This joint statement on Schedule 13D (this “Statement”) is filed with respect to the Common Stock, par value $0.0001 per share (“Common Stock”), of eFFECTOR Therapeutics, Inc., a Delaware corporation (the “Issuer”). The address of the principal executive offices of the Issuer is 11120 Roselle Street, Suite A, San Diego, CA 92121. Information given in response to each item shall be deemed incorporated by reference in all other items as applicable.
Item 2. Identity and Background.
(a) This Statement is being filed by The Column Group II, LP (“TCG II LP”) and The Column Group II GP, LP (“TCG II GP LP” together with TCG II LP, the “Reporting Entities”), David Goeddel (“Mr. Goeddel”) and Peter Svennilson (“Mr. Svennilson”). The Reporting Entities, Mr. Goeddel and Mr. Svennilson are collectively referred to as the “Reporting Persons.” The agreement among the Reporting Persons to file jointly in accordance with the provisions of Rule 13d-1(k)(1) under the Act is attached hereto as Exhibit 1. Each Reporting Person disclaims beneficial ownership of all securities reported in this Statement except to the extent of such Reporting Person’s pecuniary interest therein, other than those securities reported herein as being held directly by such Reporting Person.
(b) The address of the principal offices of each Reporting Entity and the business address of Mr. Goeddel and Mr. Svennilson is 1 Letterman Drive, Building D, Suite M-900, San Francisco, CA 94129.
(c) TCG II LP is a venture capital investment entity. TCG II GP LP is the general partner of TCG II LP. Mr. Svennilson and Mr. Goeddel are the managing partners of TCG II GP LP, and are each engaged through venture capital investment entities in acquiring, holding and disposing of interests in various companies for investment purposes.
(d) During the past five years, none of the Reporting Persons have been convicted in a criminal proceeding (excluding traffic violations or similar misdemeanors).
(e) None of the Reporting Persons are, nor during the last five years have been, a party to a civil proceeding of a judicial or administrative body of competent jurisdiction and as a result of such proceeding was or is subject to a judgment, decree or final order enjoining future violations of, or prohibiting or mandating activities subject to, federal or state securities laws or finding any violation with respect to such laws.
(f) Each of TCG II LP and TCG II GP LP is a limited partnership organized under the laws of the State of Delaware. Mr. Goeddel is a citizen of the United States of America. Mr. Svennilson is a citizen of Sweden.

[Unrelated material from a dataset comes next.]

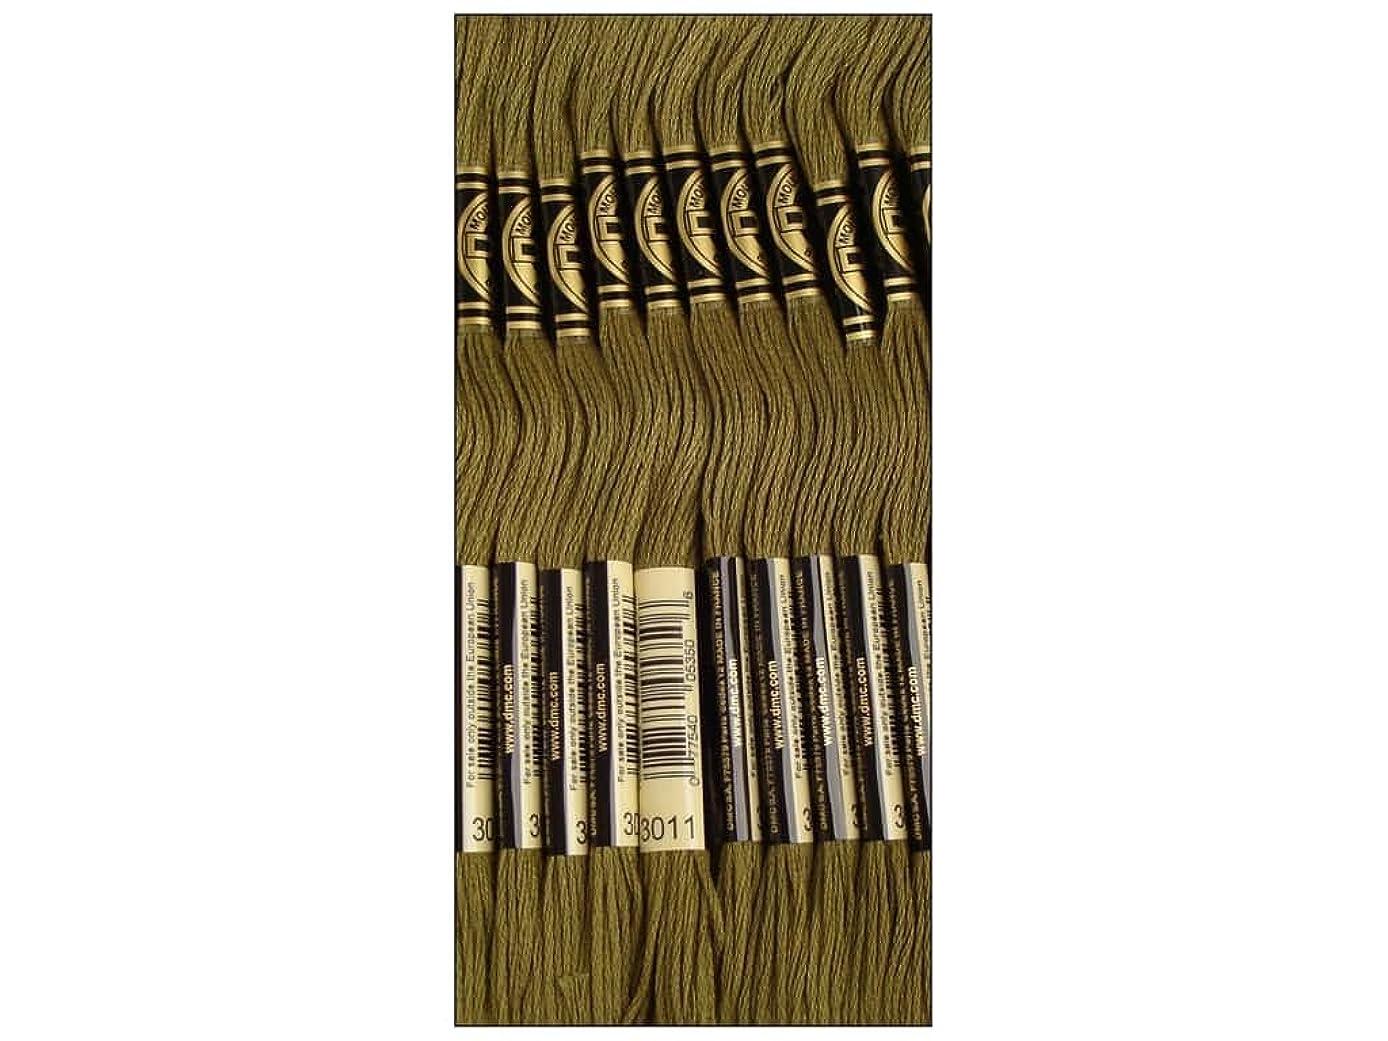 Bulk Buy: DMC Thread Six Strand Embroidery Cotton 8.7 Yards Dark Khaki Green 117-3011 (12-Pack)

Item 3. Source and Amount of Funds or Other Consideration.
All of the securities reported herein as beneficially owned by the Reporting Persons were acquired either (i) pursuant to the Agreement and Plan of Merger by and among, the Issuer, Locust Walk Merger Sub, Inc. (“Merger Sub”), and eFFECTOR Therapeutics, Inc. (“Original eFFECTOR”), dated as of May 26, 2021 (the “Business Combination Agreement”) or (ii) pursuant to the terms of a Subscription Agreement by and between the Issuer and TCG II LP (the “PIPE Financing”).

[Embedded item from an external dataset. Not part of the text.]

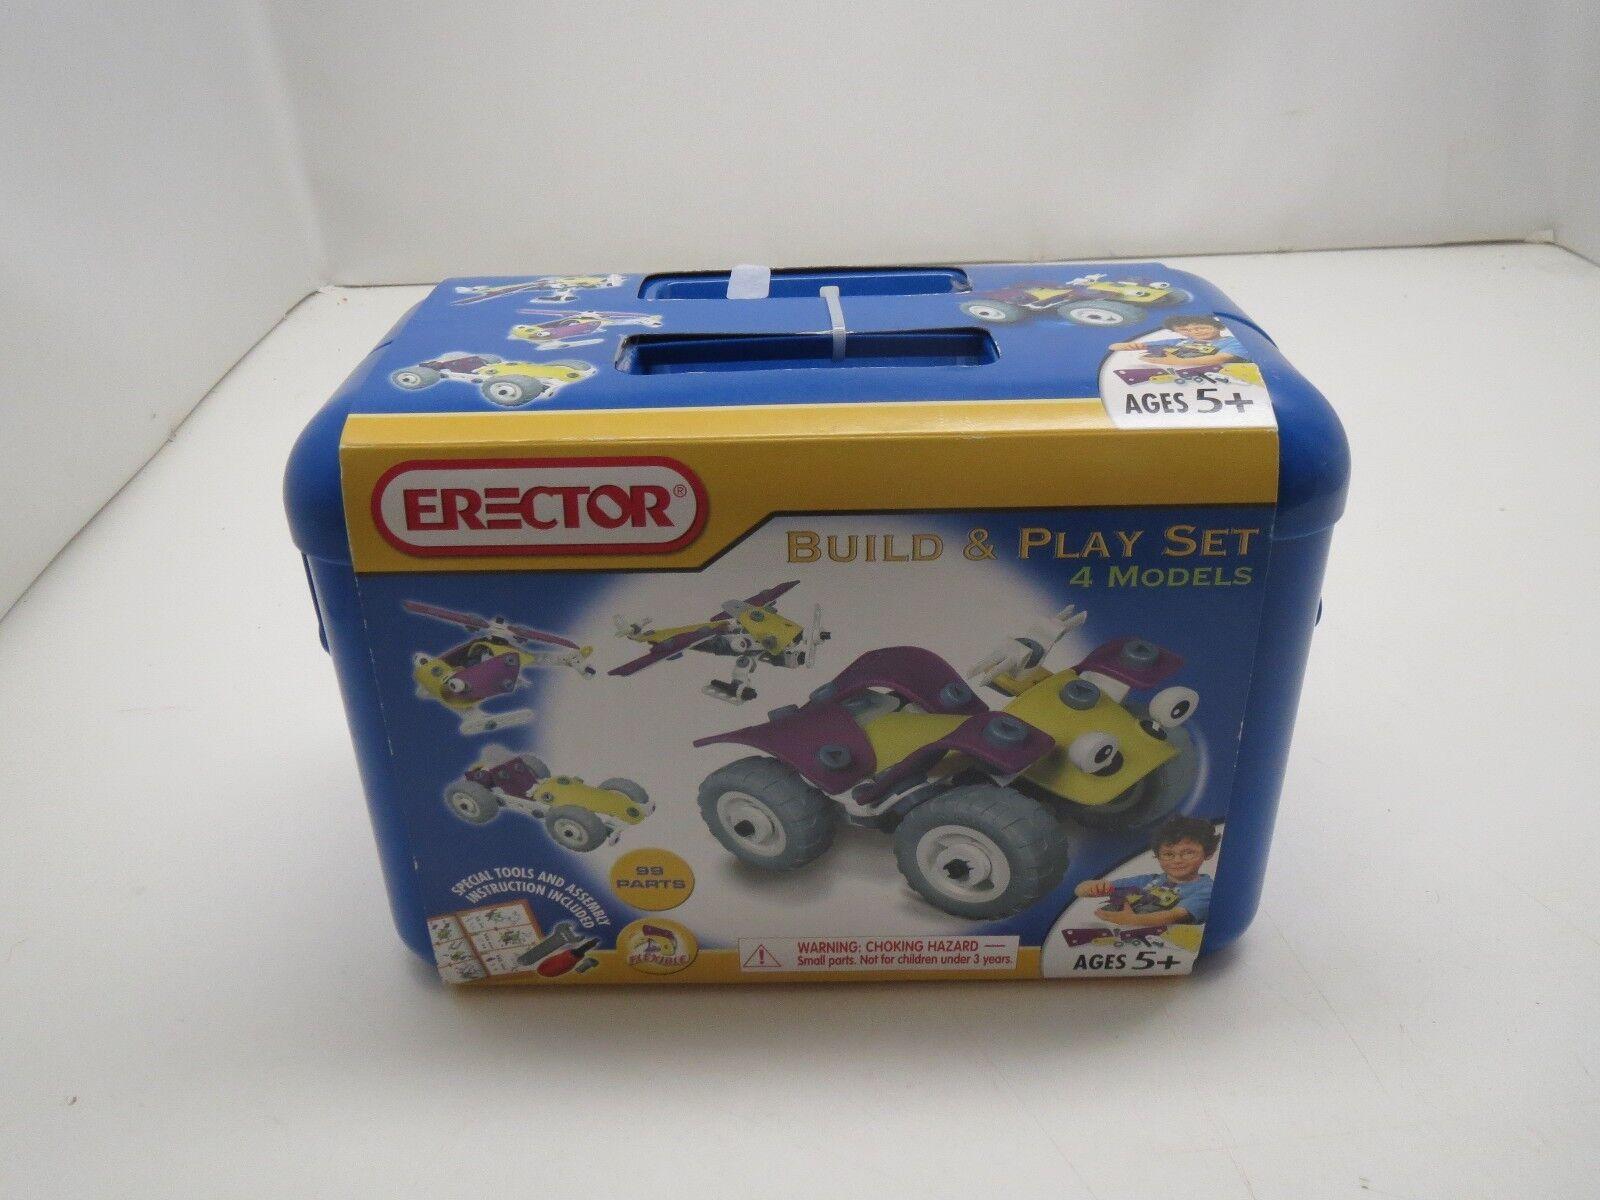 2008 Meccano Maker System 730107e Erector Build And Play Set 4 Models

The Business Combination (as defined below) closed on August 25, 2021 (the “Closing”). Effective upon the Closing, among other things, the Merger Sub merged with and into Original eFFECTOR (the “Business Combination”), with Original eFFECTOR surviving the Merger (the “Surviving Company”) as a wholly owned subsidiary of the Issuer. In connection with the Business Combination, Original eFFECTOR was renamed “eFFECTOR Therapeutics Operations, Inc.” and the Issuer, previously known as Locust Walk Acquisition Corp., was renamed “eFFECTOR Therapeutics, Inc.” Effective upon the Closing, among other things, each share of Original eFFECTOR’s existing common and preferred stock was automatically cancelled and converted into shares of Common Stock at the Exchange Ratio (as defined in the Business Combination Agreement). The above summary is qualified by reference to such description and the full text of the Business Combination Agreement, which is filed as Exhibit 2 to this Statement and is incorporated herein by reference.
TCG II LP purchased 200,000 shares of Common Stock in the PIPE Financing for a purchase price of $10.00 per share and an aggregate purchase price of $2,000,000.
Following the Closing and the PIPE Financing, TCG II LP held an aggregate of 4,309,329 shares of the Issuer’s Common Stock.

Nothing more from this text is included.